Presenter Information

Randy HoweFollow

Location

PARB 128

Proposal

Finding truth in media can be hard for today’s undergraduate college student. Decoding and fact-checking mediated information across today’s myriad channels is undeniably cumbersome, yet vital for true understanding. This presentation describes a library-oriented exercise set up as a wayfinding activity for one class meeting of a university course. The project addresses this information literacy issue, among a set of other issues felt important by the course’s professor in cooperation with a library media colleague. For the record, wayfinding concerns the organization of sensory cues from the environment in an effort to reach a desired destination. Engaged in this activity, students were first to read an article titled The Challenge that is Bigger than Fake News by McGrew, Ortega, Breakstone, and Wineburg.

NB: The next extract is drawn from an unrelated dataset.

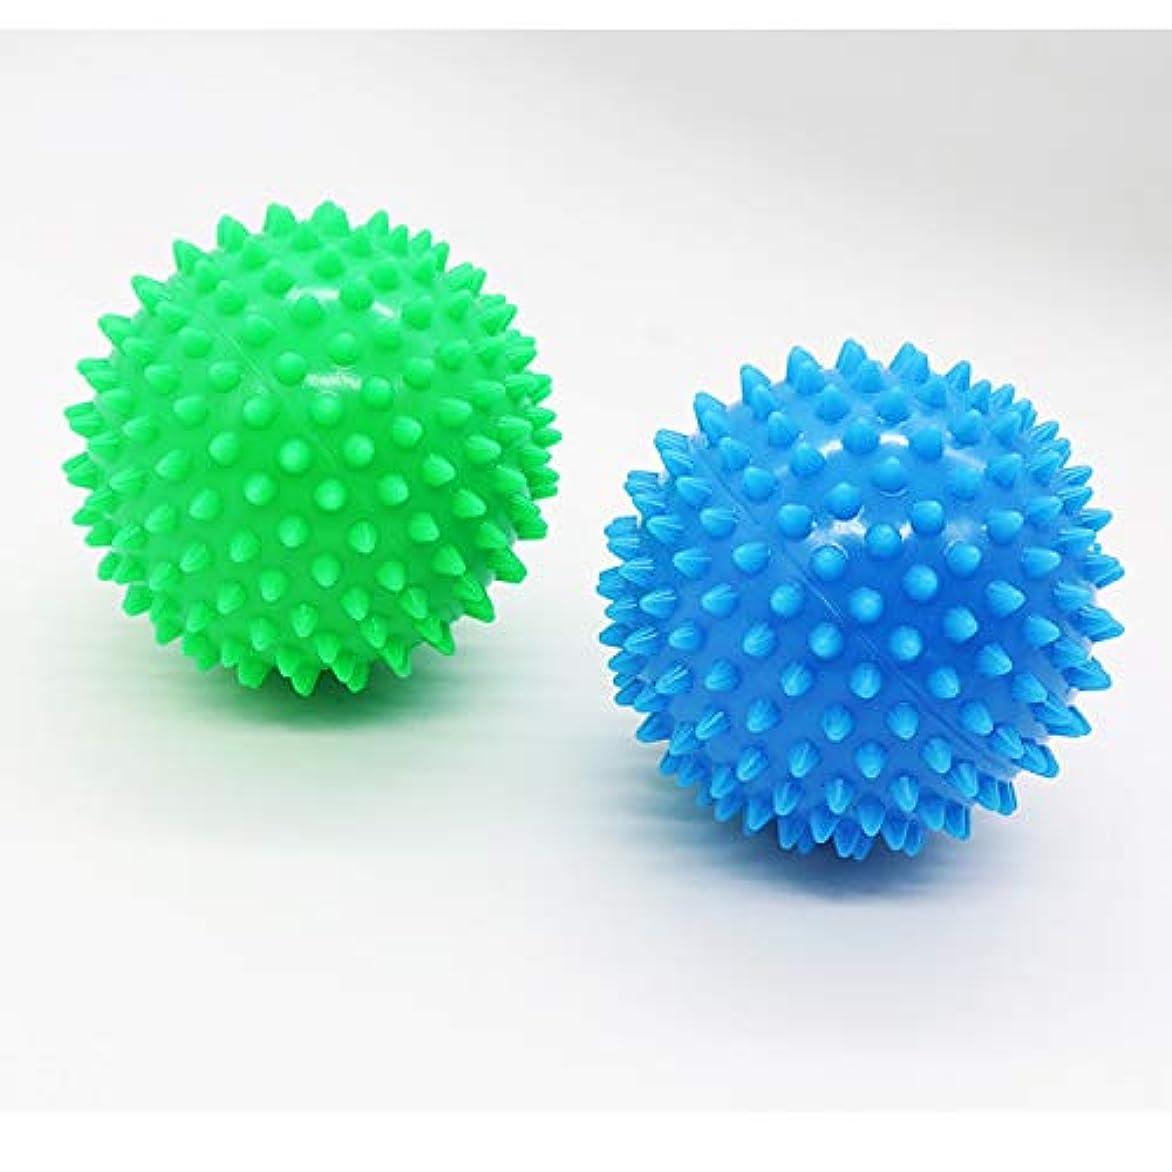 批判する前に腸Dreecy マッサージボール(2個セット)触覚ボール リフレックスボール トレーニングボール  ポイントマッサージ 筋筋膜リリース 筋肉緊張和らげ 血液循環促進 9cm(青+緑)

From information described in the article, they were then dispatched to the library to search for sponsored content in print publications. They then applied civic reasoning principles to identify who was behind the information presented, evaluate this evidence, and investigate the same topic in other sources, such as in comparable information in Wikipedia, as well as from a book source in the library that they deem as relevant with credible information. Concepts of lateral reasoning, search engine results for competing search engines, and the value of book reserves were covered in additional parts of the exercise. Progress was documented throughout, reported back to the professor by means of email and selfies. The development, implementation, and results of this assignment will be the main topic of this session.

Presentation Description

A professor-librarian partnership that created a wayfinding assignment designed to educate undergraduate students on how to scavenge their campus library for credible information is discussed. Focus will be on student responses to sponsored content, as well as concepts of lateral thinking and competencies associated with civic online reasoning. This exercise was one part of a larger course, attentive most on the knowledge visualization theories and principles. How this instruction and activity fit into this larger context will be explained.

Keywords

information literacy; sponsored content; lateral thinking; civic online learning; wayfinding

Publication Type and Release Option

Presentation (Open Access)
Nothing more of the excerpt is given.